Almost every large Go codebase does this with very few exceptions. Until the advent of github.com/pkg/errors there wasn't an easy way to uniformly implement error chaining so people would just prepend strings (if they have any context at all) and used fmt.Errorf religiously. These days, fmt.Errorf is still used but now you can in principle root-cause errors with errors.Cause -- unfortunately many Go libraries do not use github.com/pkg/errors (because of the nested vendor problem that existed for many years) and so you are stuck if you want to root-cause an error in an older library.
All of that being said, modern Go (written in the past few years) could avoid these pitfalls. But very few production codebases were both written in the past few years and only use libraries written in the past few years.
I've worked on Go codebases for the past 5-6 years.
The std lib is not the paragon of go virtue as some people make it out to be. The maintainers have been frank with some of the mistakes and things they'd do differently now but because they place the Go 1 promise above everything else (a good thing), it has some patterns not many would recommend these days, error handling among them.
And it's not like they couldn't add better types to errors without breaking backwards compat. Returning a type that implements error instead of fmt.Errorf doesn't break existing semantics.
It bugs me to no end that Rust _almost_ got conditions and restarts. Apart from proper macros, conditions and restarts are one of the few things that CL has that no other language has mimicked.
Sure, I have seen it faked in scheme with call/cc, but that will never be a proper, fast solution.
Like the sibling, I'm not sure if you are serious, but my library SNAFU (https://docs.rs/snafu/0.6.0/snafu/) is similar to this at a step or two higher level. The idea is that you wrap lower-level errors (a file system error) with a higher-level context (opening the config file).
Taken to the extreme, you have a unique context for every possible error source inside your library, which means you could directly search for the name to find the line number.
This does make me wonder how I could add line / file information to an error automatically though.
I like the idea of TypeScript-like error handling.
Or more generally, functions that can return different types without having to define an `enums`. If only because naming these single-use `enums` is hard :)
Is it employing anonymous enums? They come up for helping errors in the Rust community from time to time. The main dropback I see on relying on them is that they make it easy to accidentally expose your implementation details as part of your public API, making it a breaking change to upgrade or change a dependency.
As a Rust newbie, this is why I end up just using .unwrap() everywhere. result::Result, io::Result, is something a Some/None or an Ok/Error, etc, etc. What (non-string) errors does this function return, etc? I find it easier to check for and propagate integer error numbers correctly in C.
Use `Box<dyn Error>` as your error type, and you won't need to know about any other error type. They all convert automatically and propagate through the `?` operator.
failure and anyhow crates are `Box<dyn Error>` on steroids.
> but you can use some quick and dirty macros for that.

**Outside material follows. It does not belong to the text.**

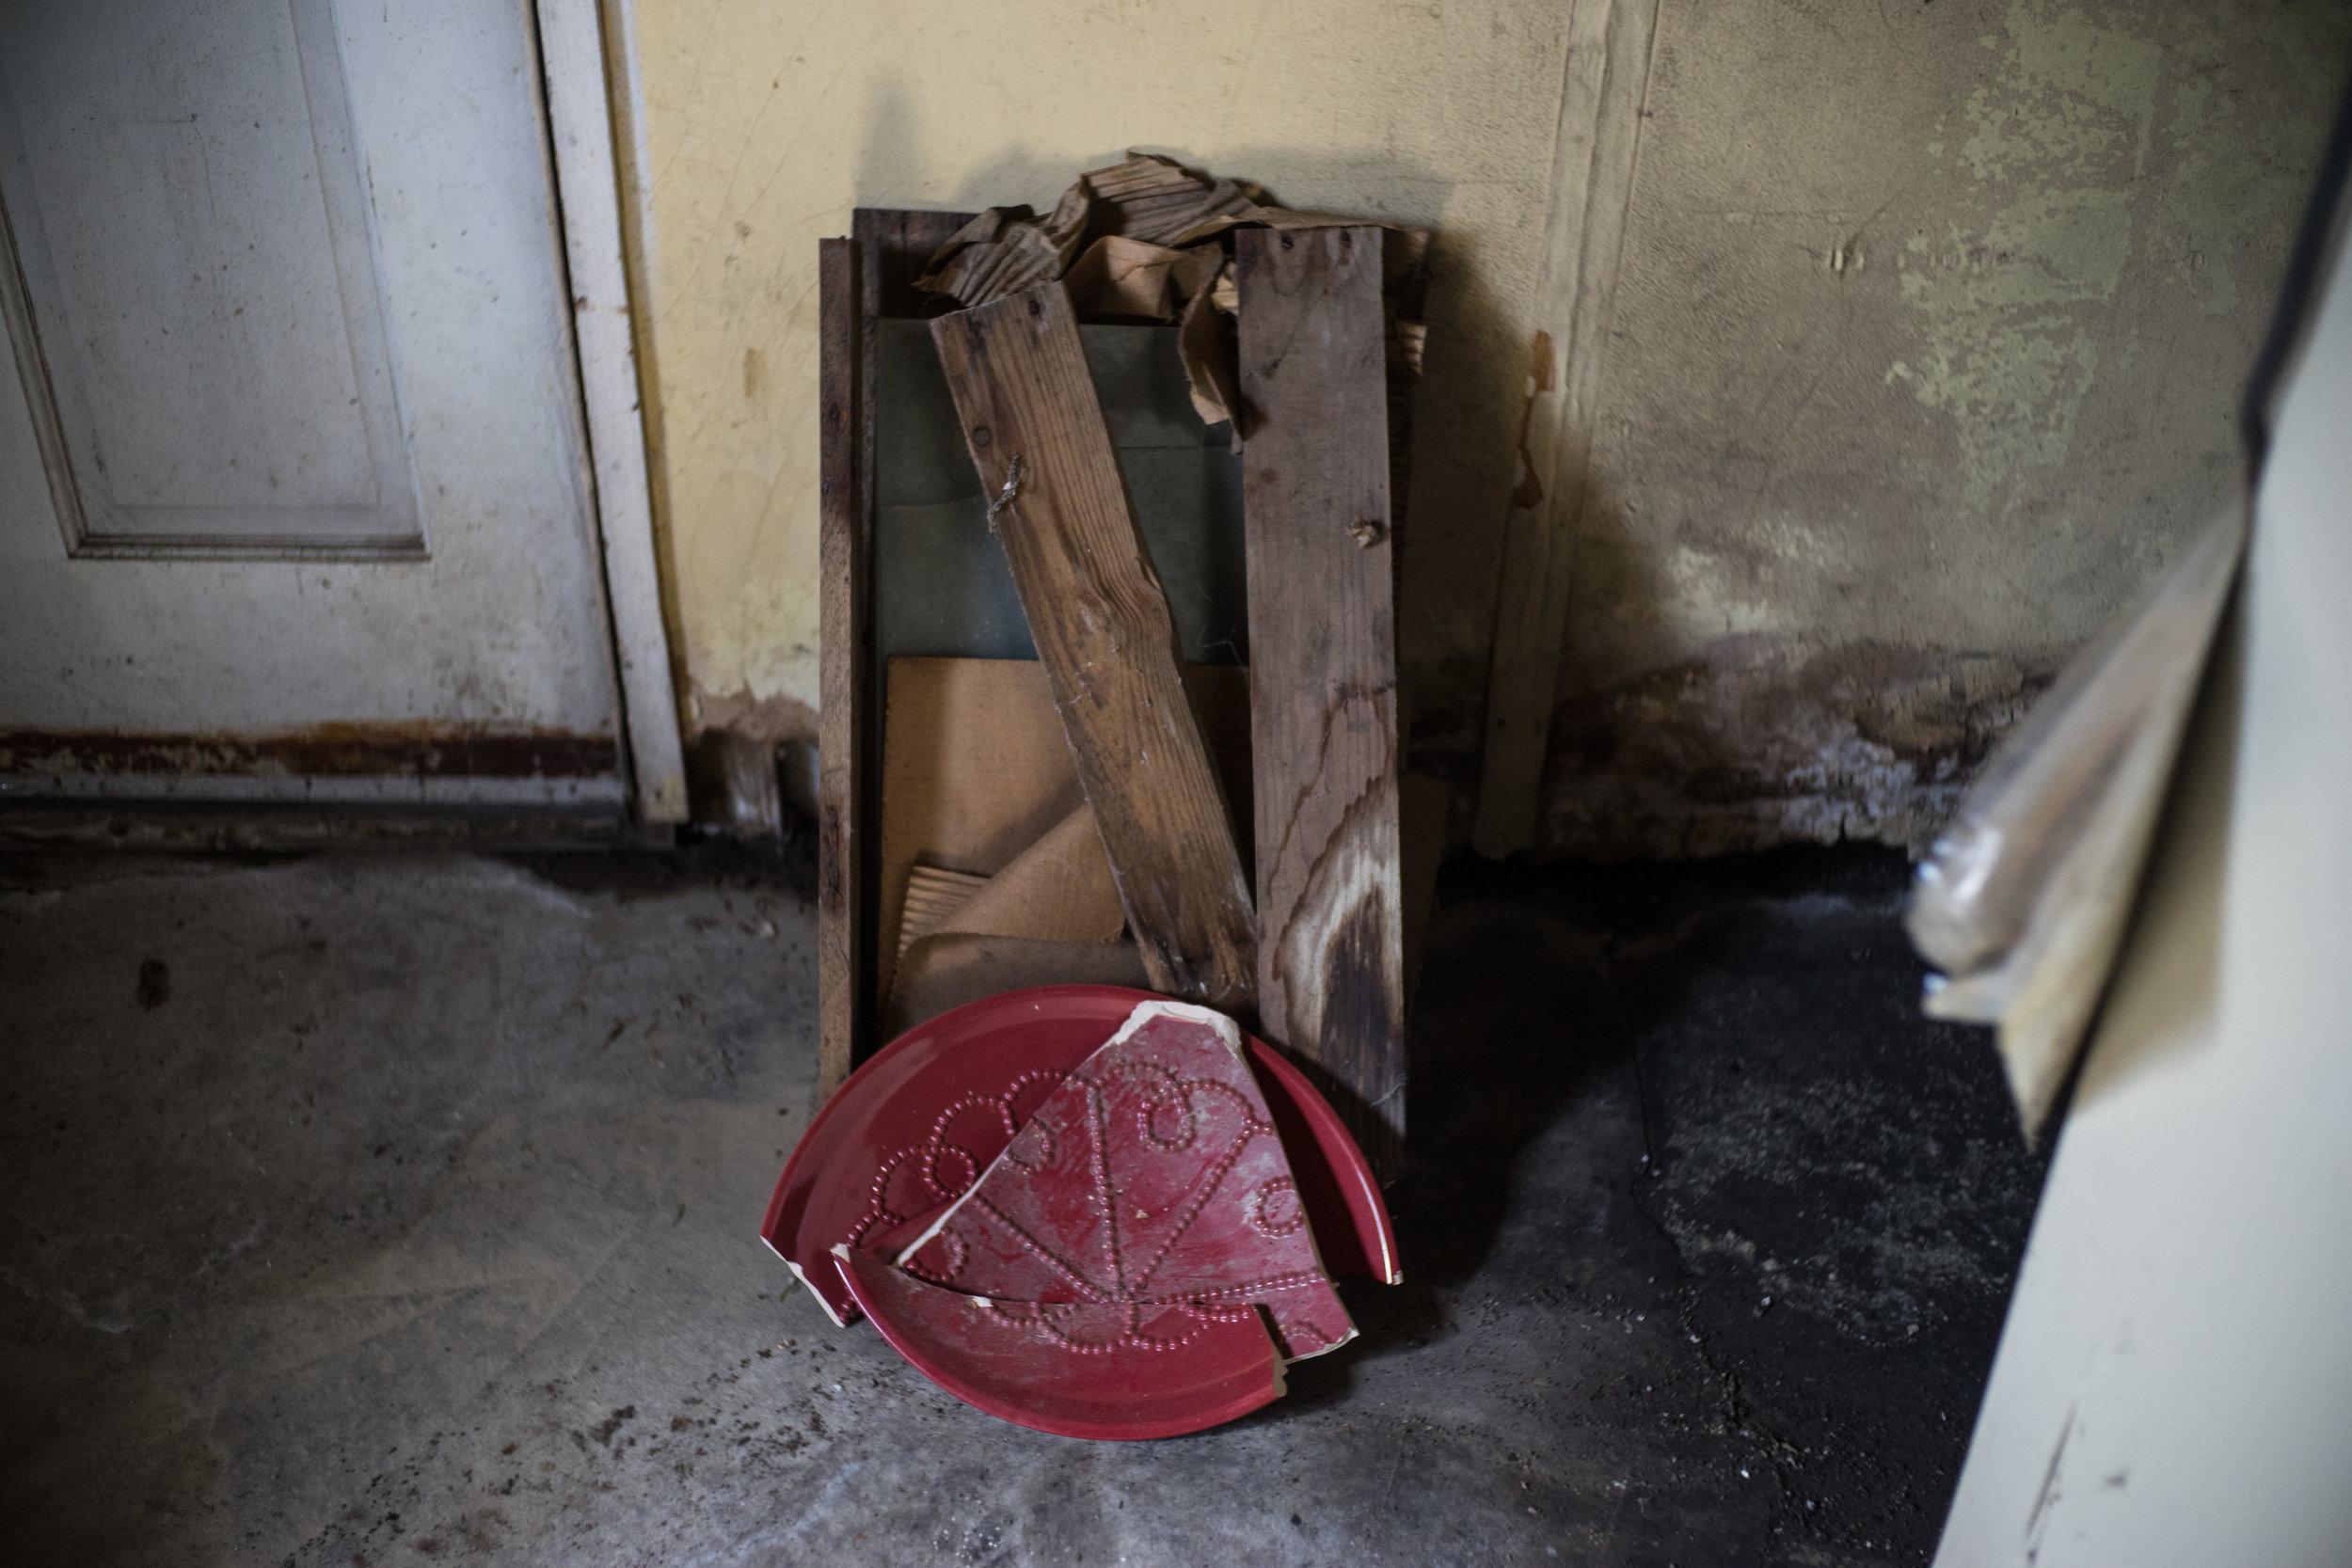 House_After_Death-170-1.jpg

That is the point of most of the libraries described in the article — to prevent having to recreate this particular wheel each time you need it. Do all Rust programs/libraries need one of the libraries? Not at all, but I find that using one that has some nice bells and whistles will encourage the programmer to improve the errors and their messages.
(In fact, it leaves my favourite solution out: using the derive_more crate to auto-generate From implementations for the ? operator to use. From is a general trait, useful for far more than error handling, which is probably why it's omitted here.)